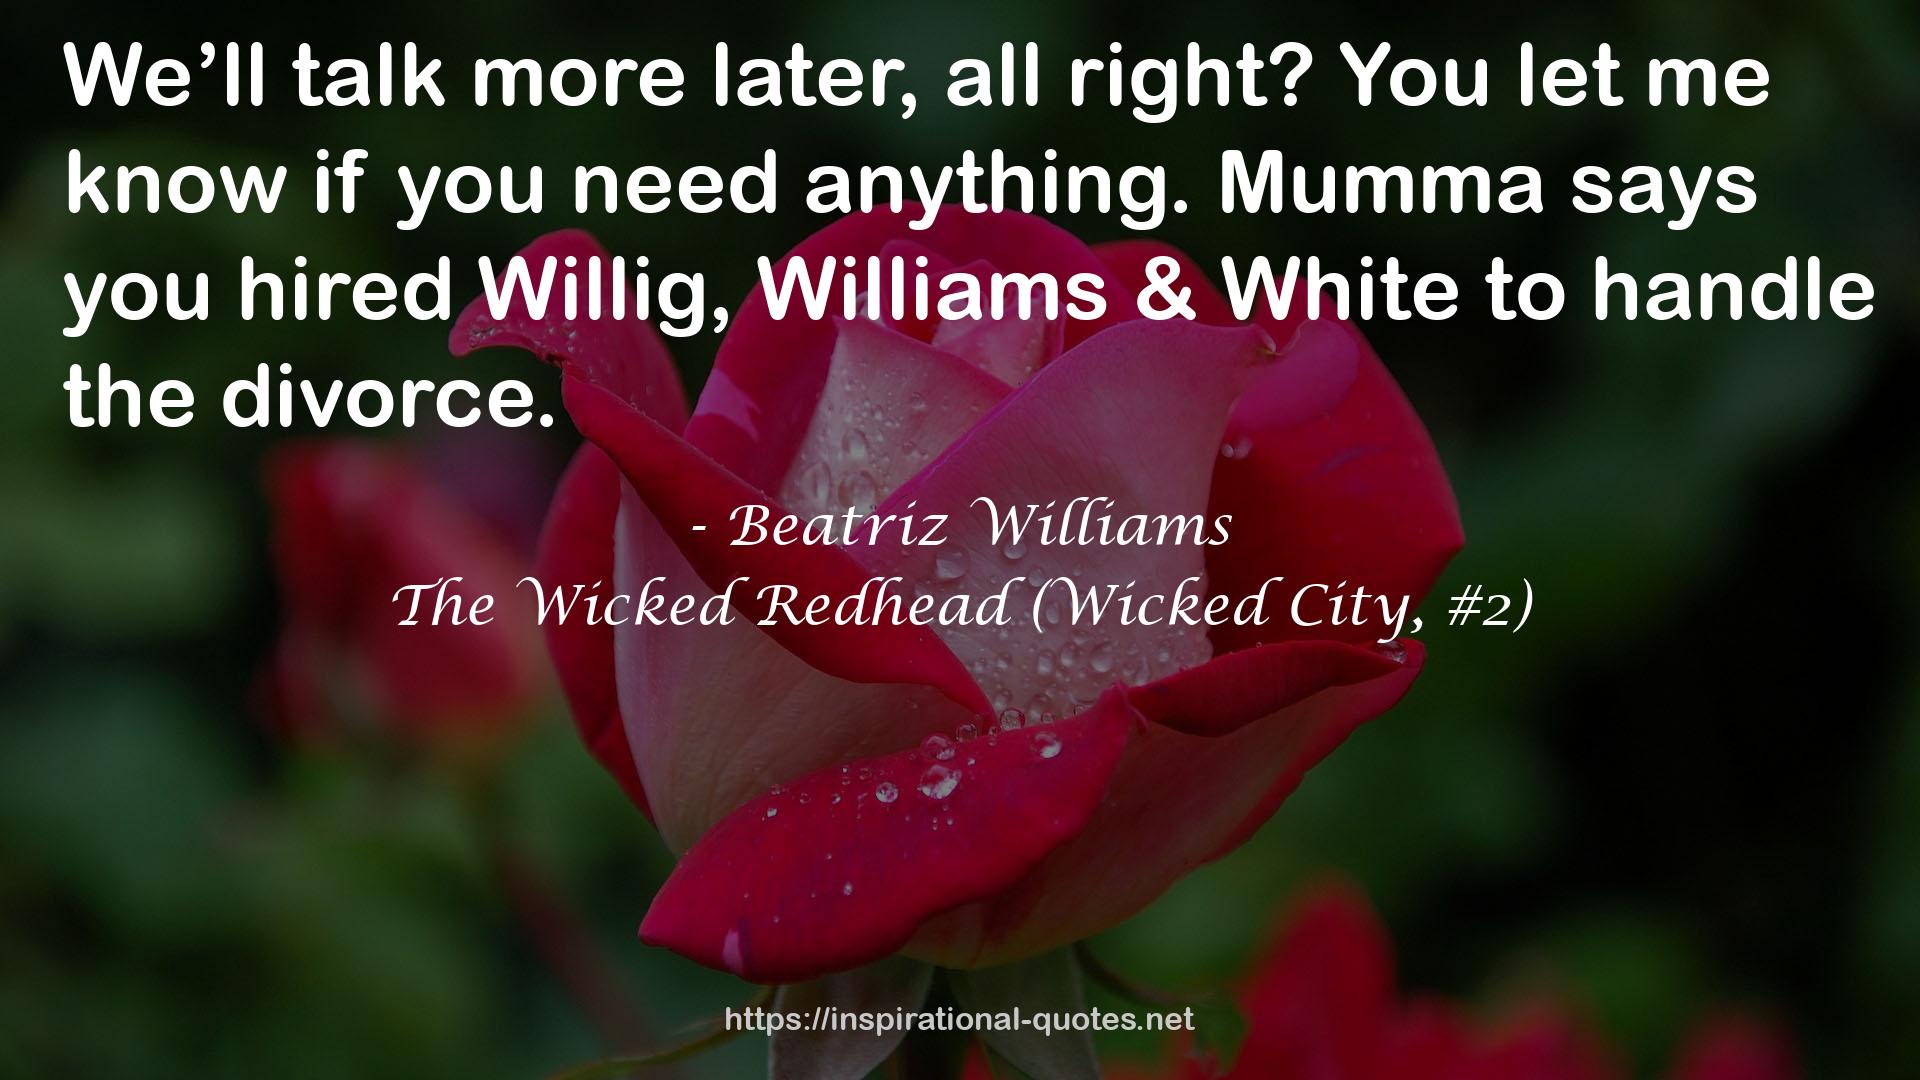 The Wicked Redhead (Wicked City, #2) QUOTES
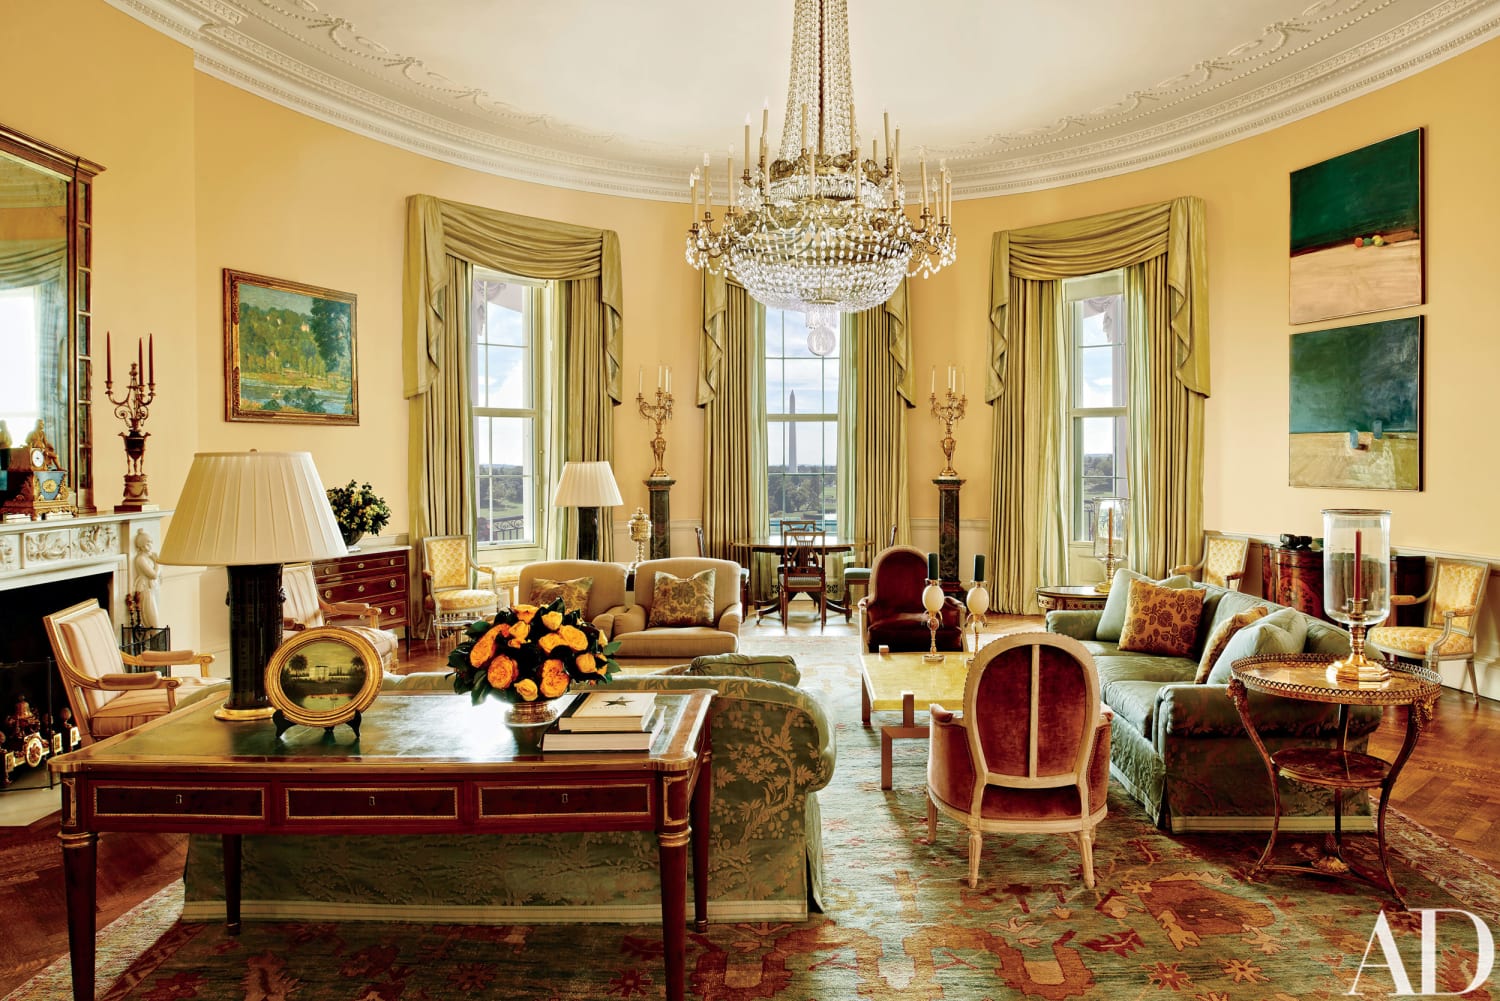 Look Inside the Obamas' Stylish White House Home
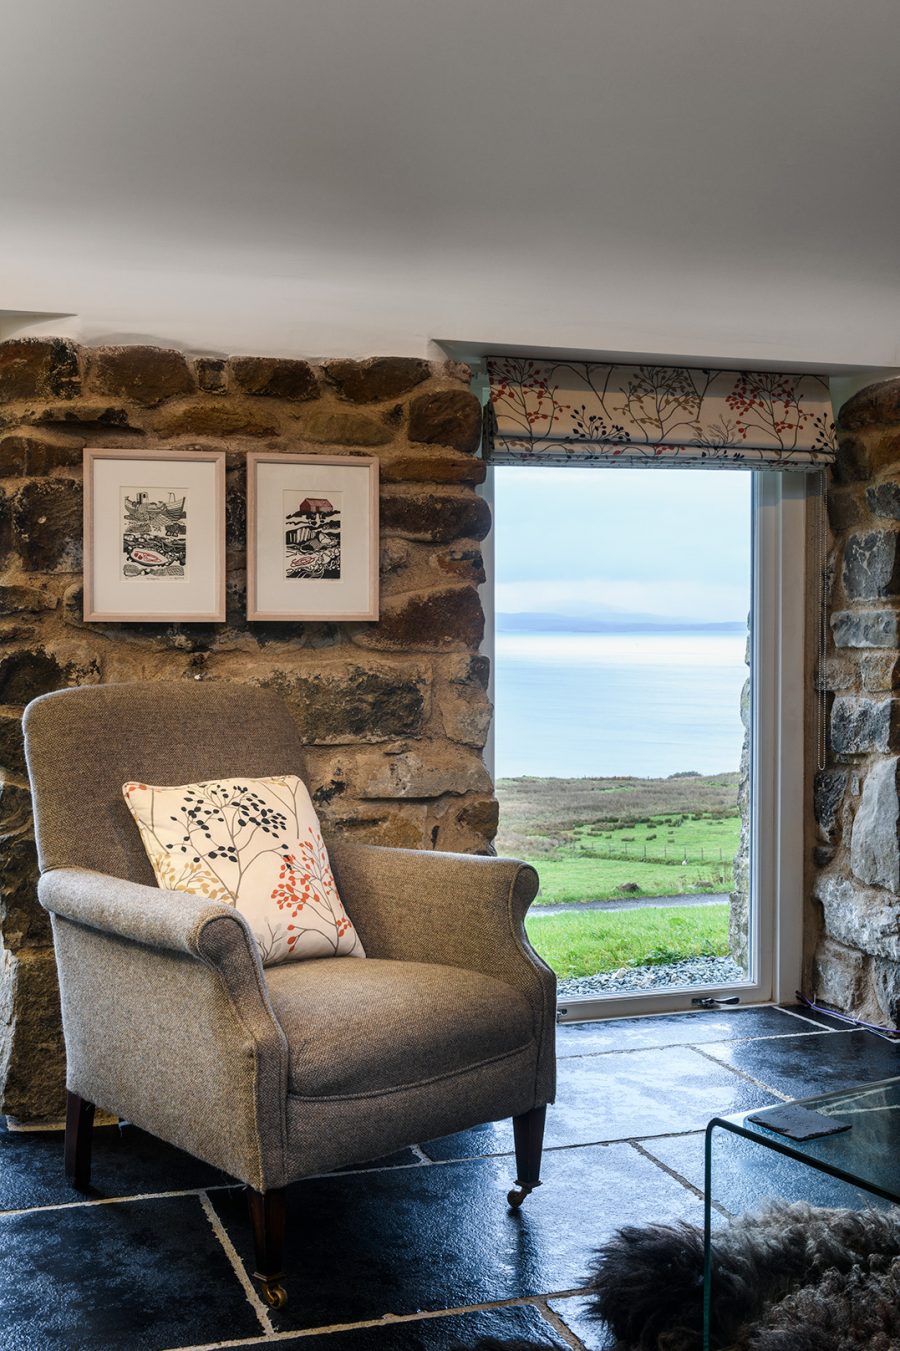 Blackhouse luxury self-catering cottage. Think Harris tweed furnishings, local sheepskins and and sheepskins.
****
§ **What the task asks**
Each line of the data above should be reproduced without alteration, and no picture should appear in the copy.

§ **Response to the exercise**
 The Wicked Redhead (Wicked City, #2) QUOTES
 Look Inside the Obamas' Stylish White House Home
 Blackhouse luxury self-catering cottage. Think Harris tweed furnishings, local sheepskins and and sheepskins.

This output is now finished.